Танечка не хотела ничего знать. Пошла за направлением на аборт. Врач, пожилой мужчина, устало и грустно глядя на неё, вместо того, чтобы дать направление, долго и нудно объяснял, какие могут быть риски и последствия. Она смотрела сквозь него стеклянными глазами. Вздохнув, он написал нужные бумажки, а когда она уже уходила, спросил : «Не жалко сыночка своего убивать? Или доченьку?» Она вздрогнула, но не обернулась. В больницу она легла с утра следующего дня, но уже в обед сбежала оттуда. Она поняла, что старый врач прав. Убить своего сыночка (почему-то она была уверена, что именно сыночка) она не смогла. Весь день ходила по городу, сидела в скверике, опять ходила, и думала, думала, думала. Решение пришло неожиданно – она уедет. У неё в соседнем городе тётя – папина сестра. Правда, они почти не встречались, но всё же родственница.
Она сложила письмо, и стала смотреть в окно автобуса. Народу было много, но ей удалось присесть. Токсикоз мучал её по утрам, а в автобусе ездить и вовсе было невыносимо. Ей почему-то всё время хотелось сладкого или кислого. На зефир она просто не могла смотреть спокойно – так ей хотелось купить и съесть целый килограмм… Покупала одну зефиринку и ела по чуть-чуть весь день. А вот с лимонами так не получилось. Она купила как-то в магазине сразу два огромных, с зеленоватой кожурой, лимона. Еле дождалась, пока доедет до дома. Очистила их, как апельсины, и съела!
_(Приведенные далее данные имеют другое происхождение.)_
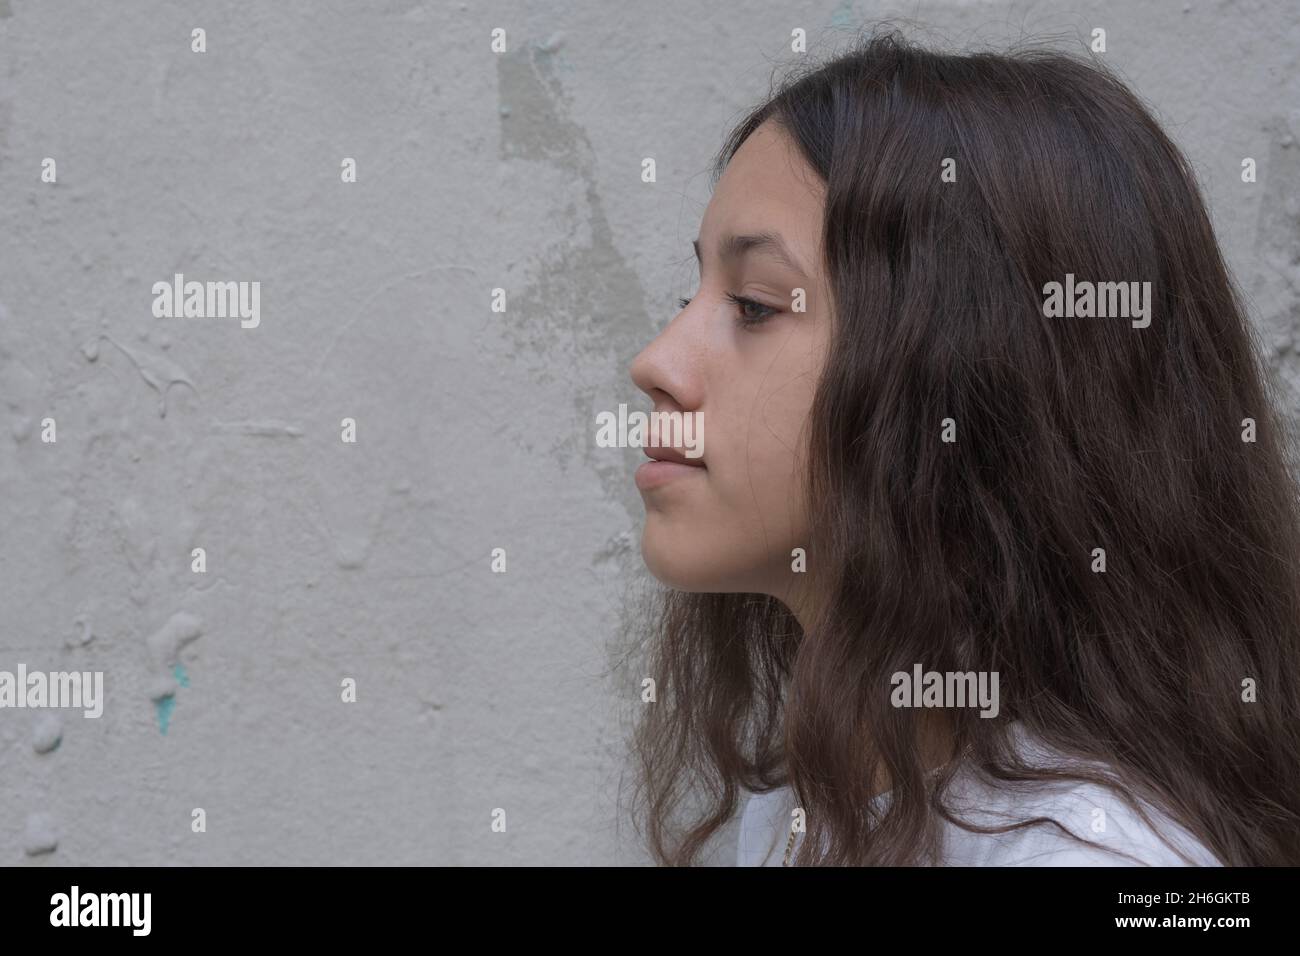 Nahaufnahme Profil von einem Teenager-Mädchen mit langen braunen Haaren freut sich mit einem nachdenklichen Ausdruck. Hintergrund der grauen Wand, kopieren Sie freien Platz für Text. Stockfoto

Две недели после этого она вообще не могла смотреть на еду. Больше лимоны она не покупала. Вообще, чаще всего, покупала она хлеб, макароны и маргарин. Таня не решилась рассказать маме, как встретила её тётка. Она сразу сказала, что бесплатные квартиранты ей не нужны, и объедать она себя тоже не позволит. Таня удивилась такому обороту – по телефону они с мамой обо всём договорились, но решила не спорить напрасно. В общем-то, сложилось всё очень неплохо. На работу она устроилась сразу же – в садик, воспитателем. Работа ей очень нравилась, правда зарплата была всего 85 рублей, но ей хватало. Тётке она отдавала за квартиру 25, а на остальные жила, и уже начала потихоньку покупать пелёнки и распашонки. Ей безумно нравились эти крошечные вещички с кружевами, зашитые рукавчики у распашонок, чепчики…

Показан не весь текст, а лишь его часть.